Experimental study on the impact resistance of fill-enhanced mechanical metamaterials

Abstract

Mechanical metamaterials are attracting increasing interest as artificial architected/composite materials with unprecedented physical properties and promising engineering applications. To address the gaps in current research, particularly the lack of comprehensive insights into reusable, adaptive behaviors and the potential for enhanced energy absorption in the zero Poisson's ratio (ZPR) domain, a family of 3D ZPR mechanical metamaterials composed of thin-plate and axisymmetric thin-shell segments is introduced. Mechanical performance, self-recovery under large deformations, reusable, and strain rate-dependent adaptive energy absorption are achieved. Furthermore, the mechanical performance and functionality of the semi-closed structure composed of both plates and curved shell (SPCS) are further enhanced by filling shear thickening gel (STG).
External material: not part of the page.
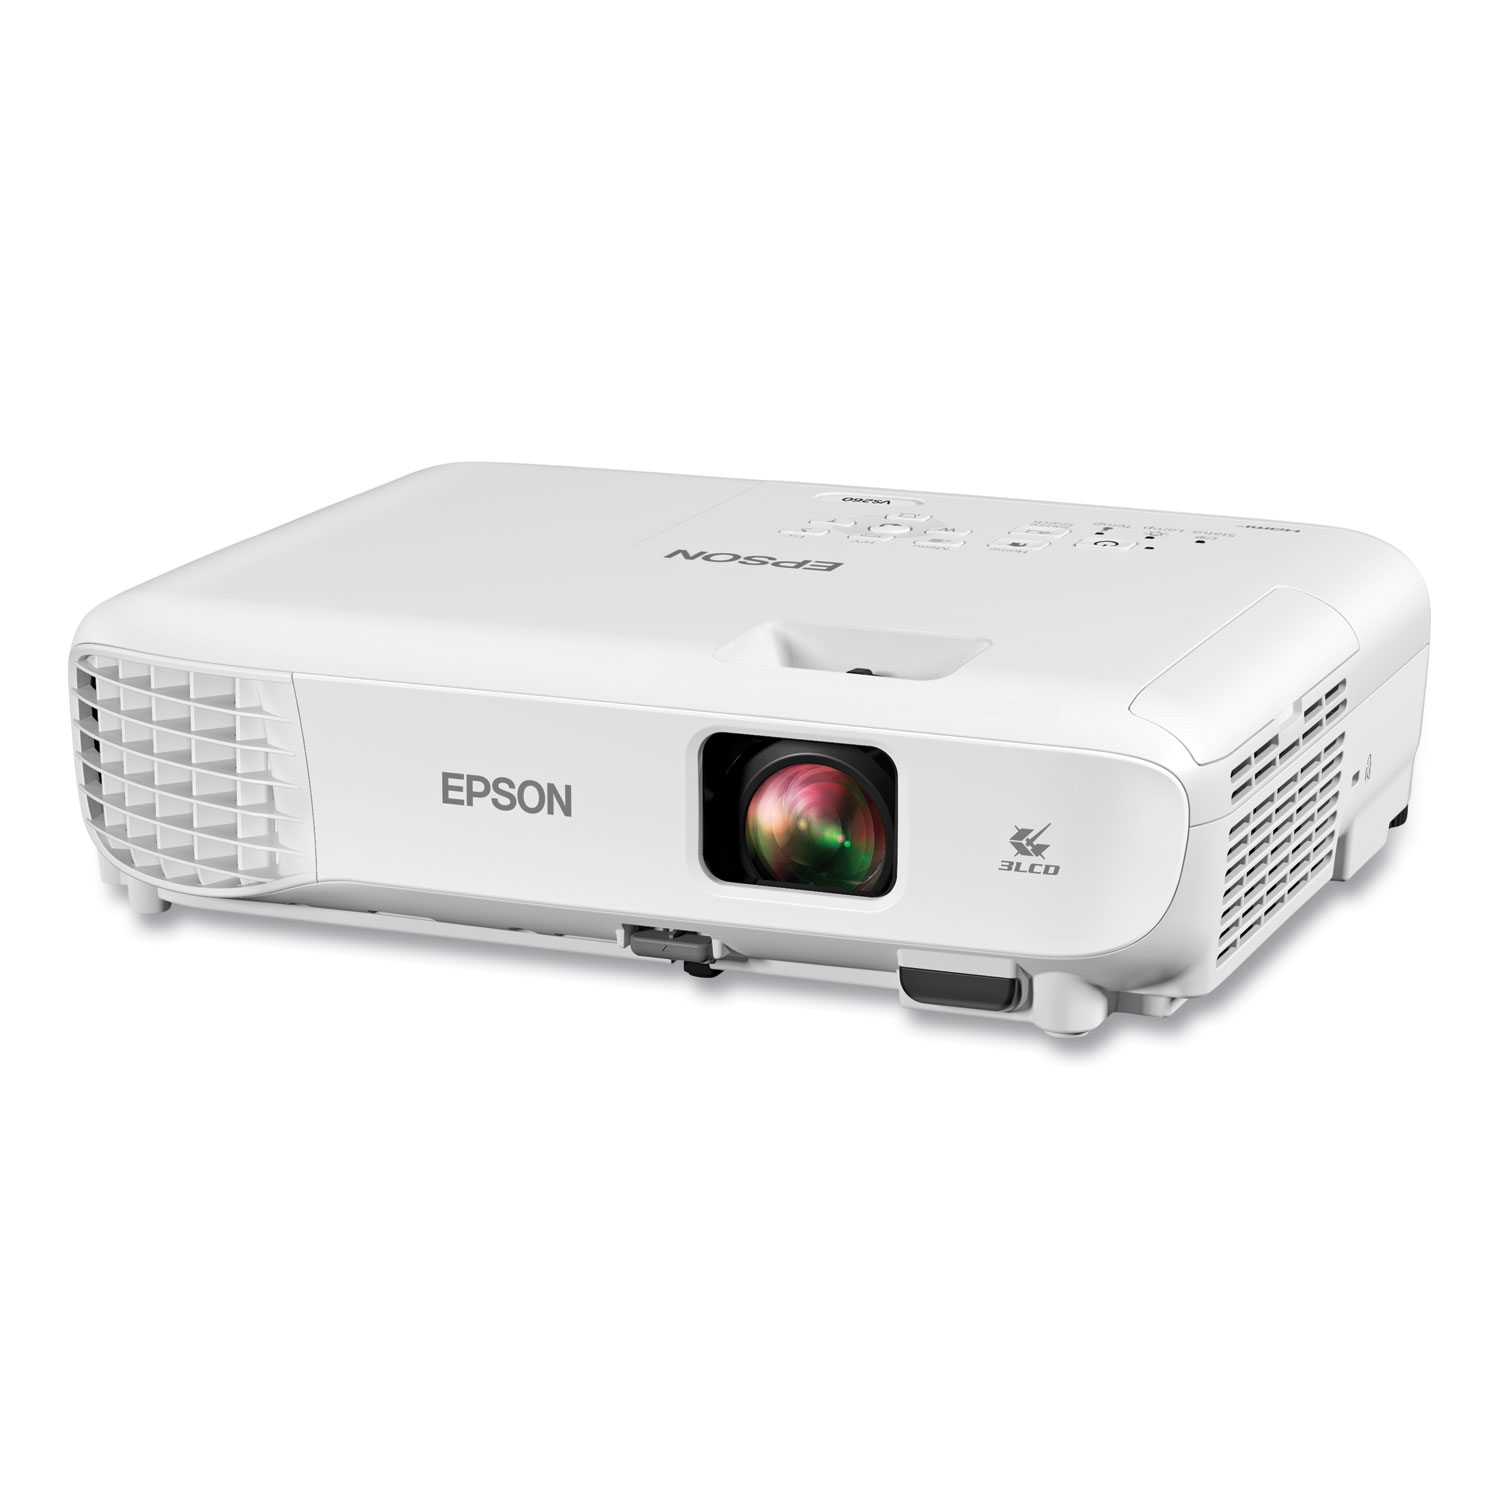 Epson® VS260 XGA 3LCD Projector, 3,300 lm, 1024 x 768 Pixels

Quasi-static compression and drop-weight impact tests are carried out to investigate the mechanical properties of the SPCS and the influence of impact velocities on its energy absorption performance, quantifying the enhancement effect of filling STG and demonstrating the resistance of SPCS to secondary and even multiple impacts. The extrusions resulting from spatial constraints between the axisymmetric shell containers and the STG fillers enhance strength and plateau stress, improve impact resistance, and enable adaptive energy absorption. The variation in stiffness and energy absorption of filled-SPCS with strain rate adeptly resolves the conflict between comfort and functionality in designs such as wearable protective devices, blast protection, and reactive armor, thereby paving the way for the development of strain rate-dependent mechanical metamaterials. Collectively, a series of ZPR mechanical metamaterials, which offer better energy absorption, broader applicability, enhanced adaptability, and reusability compared to traditional lattices, are introduced. This contributes to insights and guidance to the development of cushioning energy-absorbing metamaterial designs.